▸ **YOUR OBJECTIVE**:
In your copy, leave out the pictures and reproduce the listing below exactly.

▸ **SOURCE DATA**:
====================
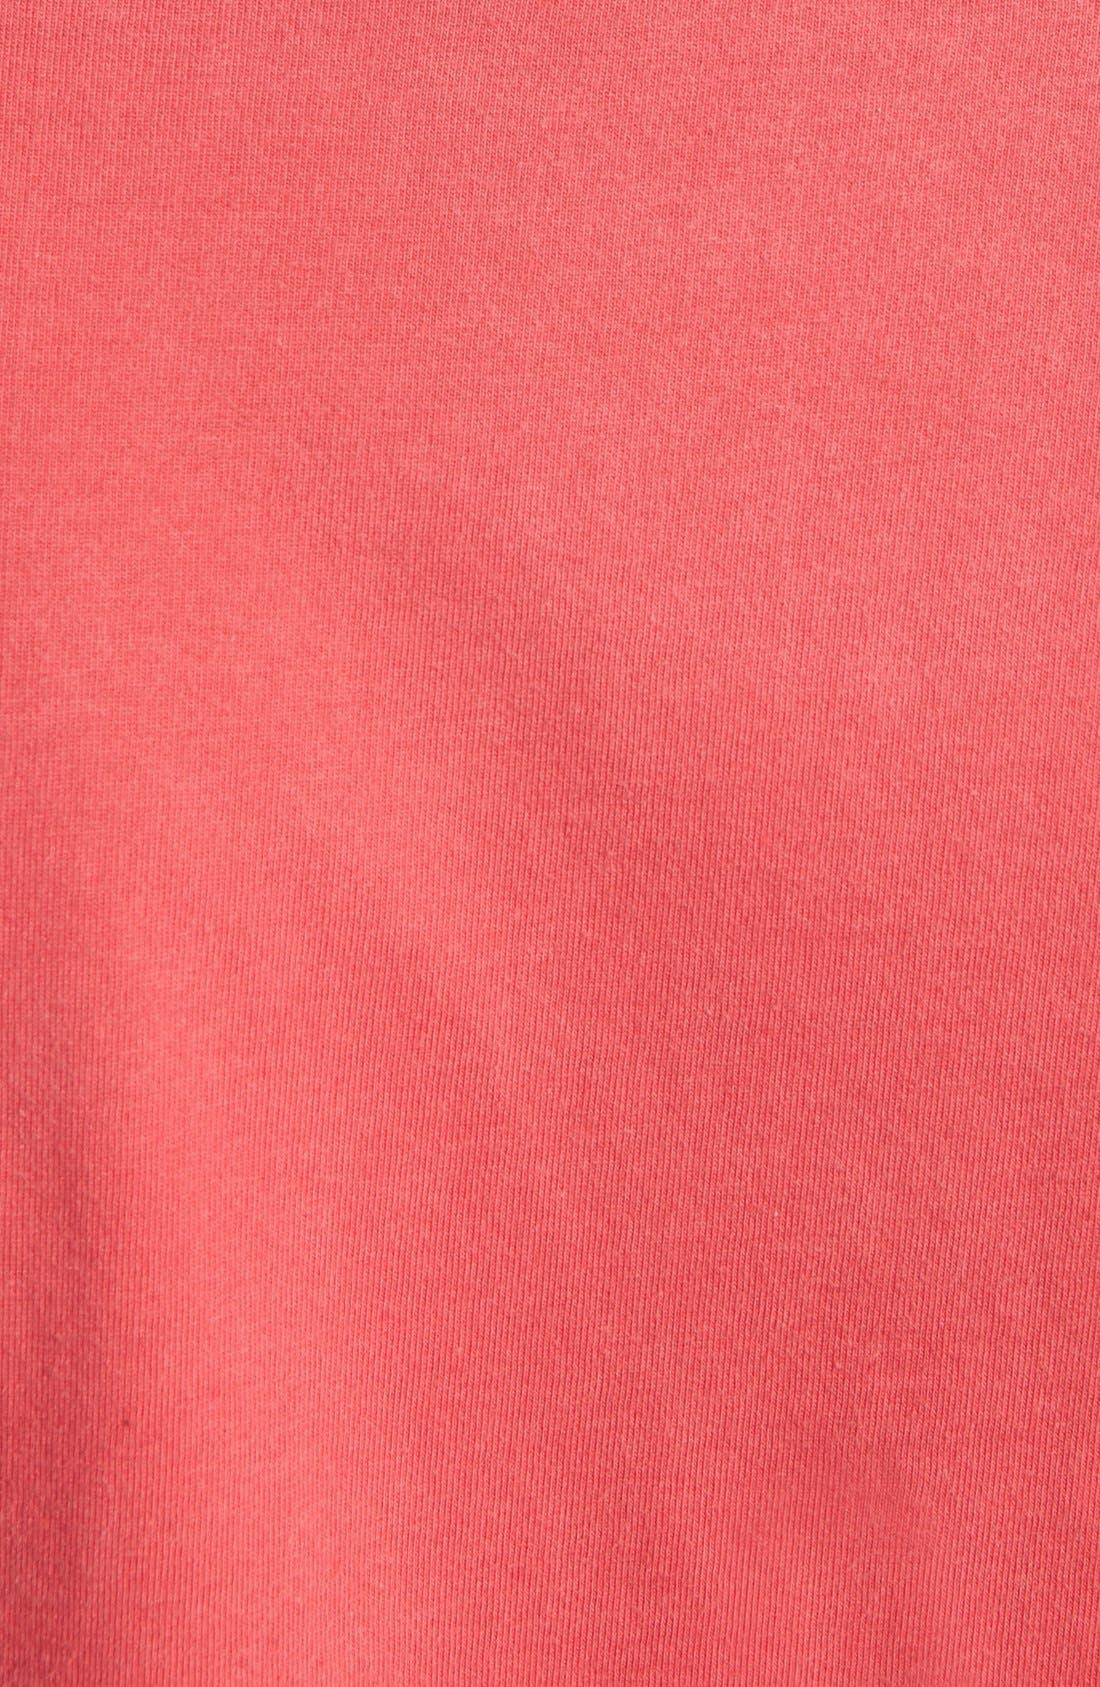 Alternate Image 3  - Red Jacket 'Reds - Reversal' T-Shirt
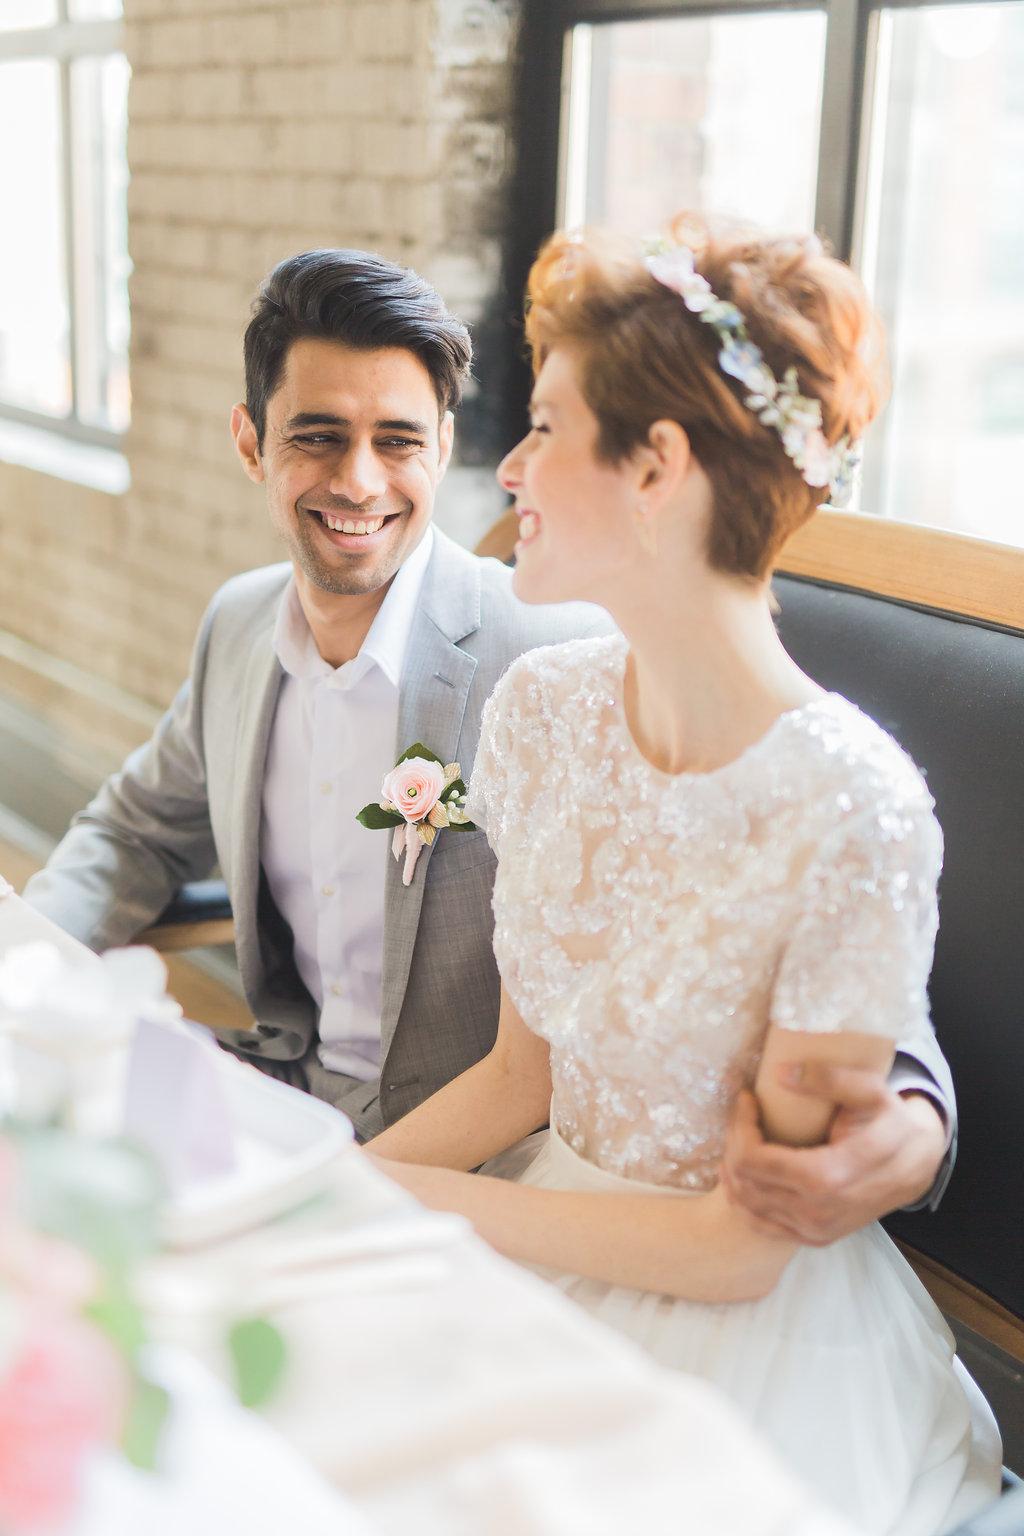 Phoebe Lo Events Toronto Wedding - Storys Building Urban Loft Paper Inspired Wedding 025.jpg
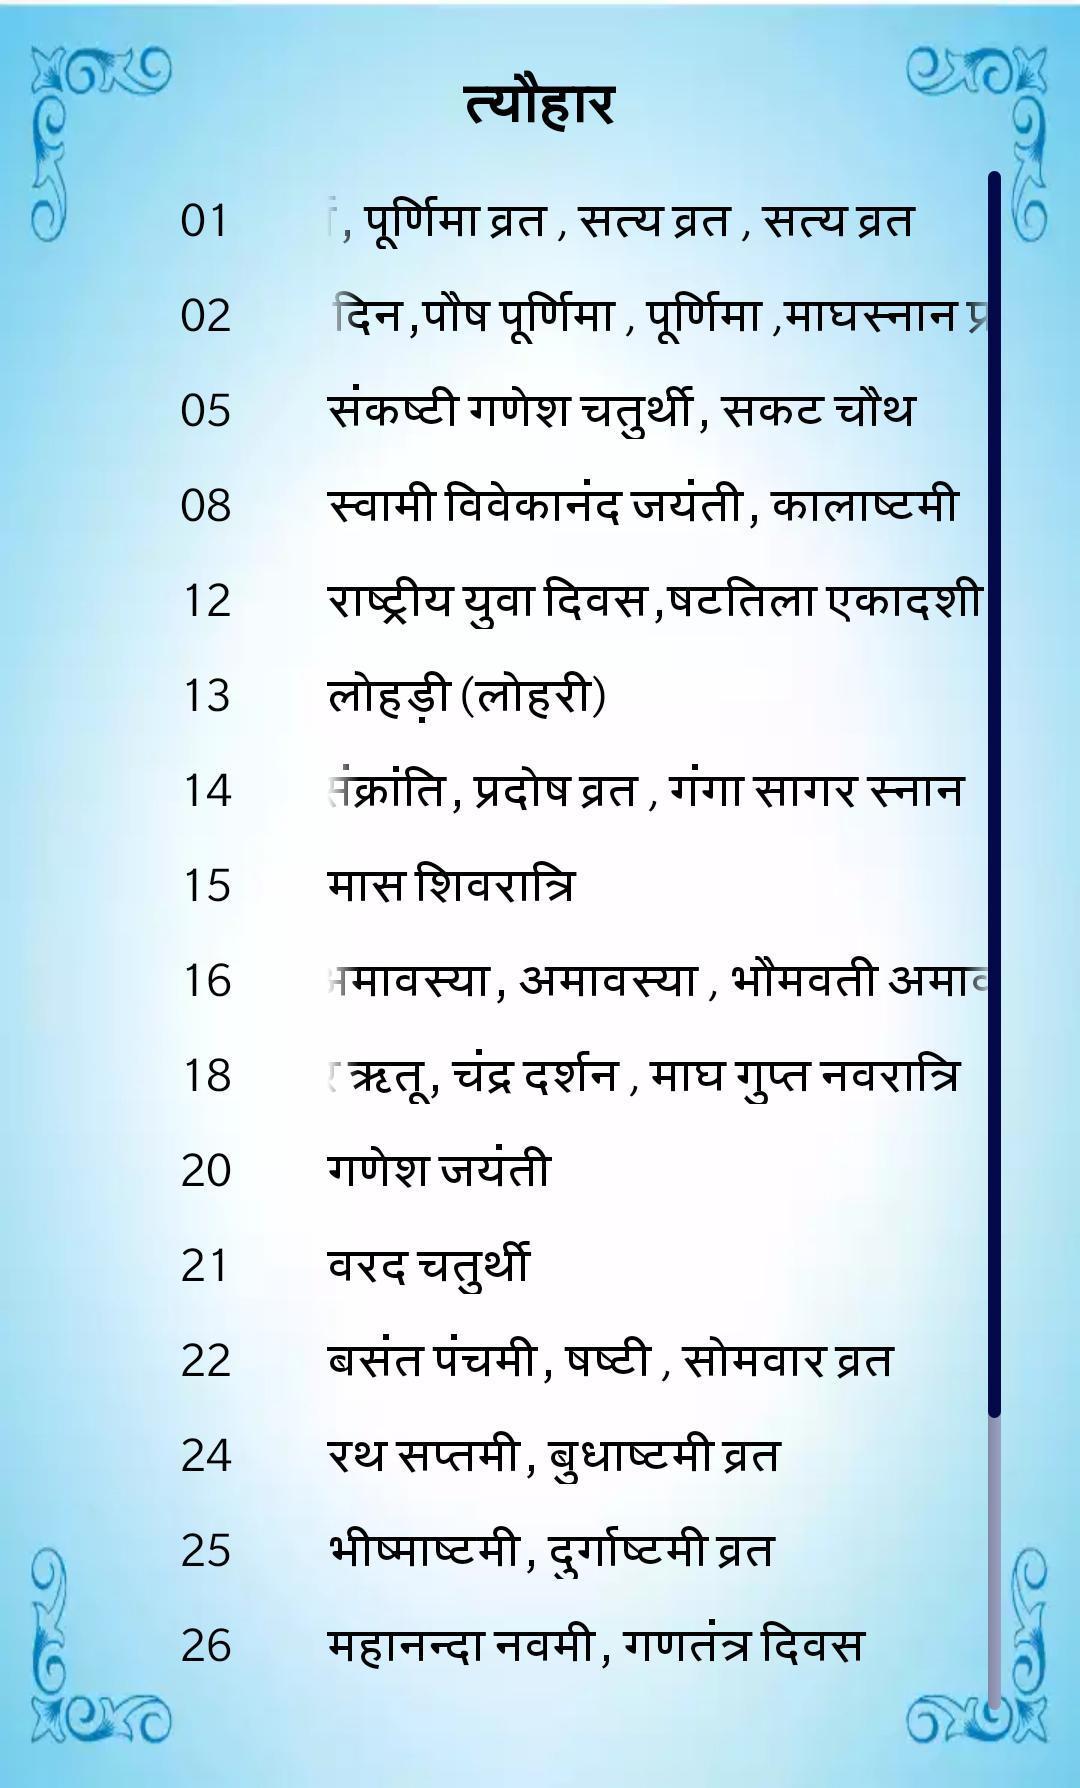 Hindi Calendar 2018 - 2020 Для Андроид - Скачать Apk
====================
▸ **TASK ANSWER**:
 Alternate Image 3  - Red Jacket 'Reds - Reversal' T-Shirt
 Phoebe Lo Events Toronto Wedding - Storys Building Urban Loft Paper Inspired Wedding 025.jpg
 Hindi Calendar 2018 - 2020 Для Андроид - Скачать Apk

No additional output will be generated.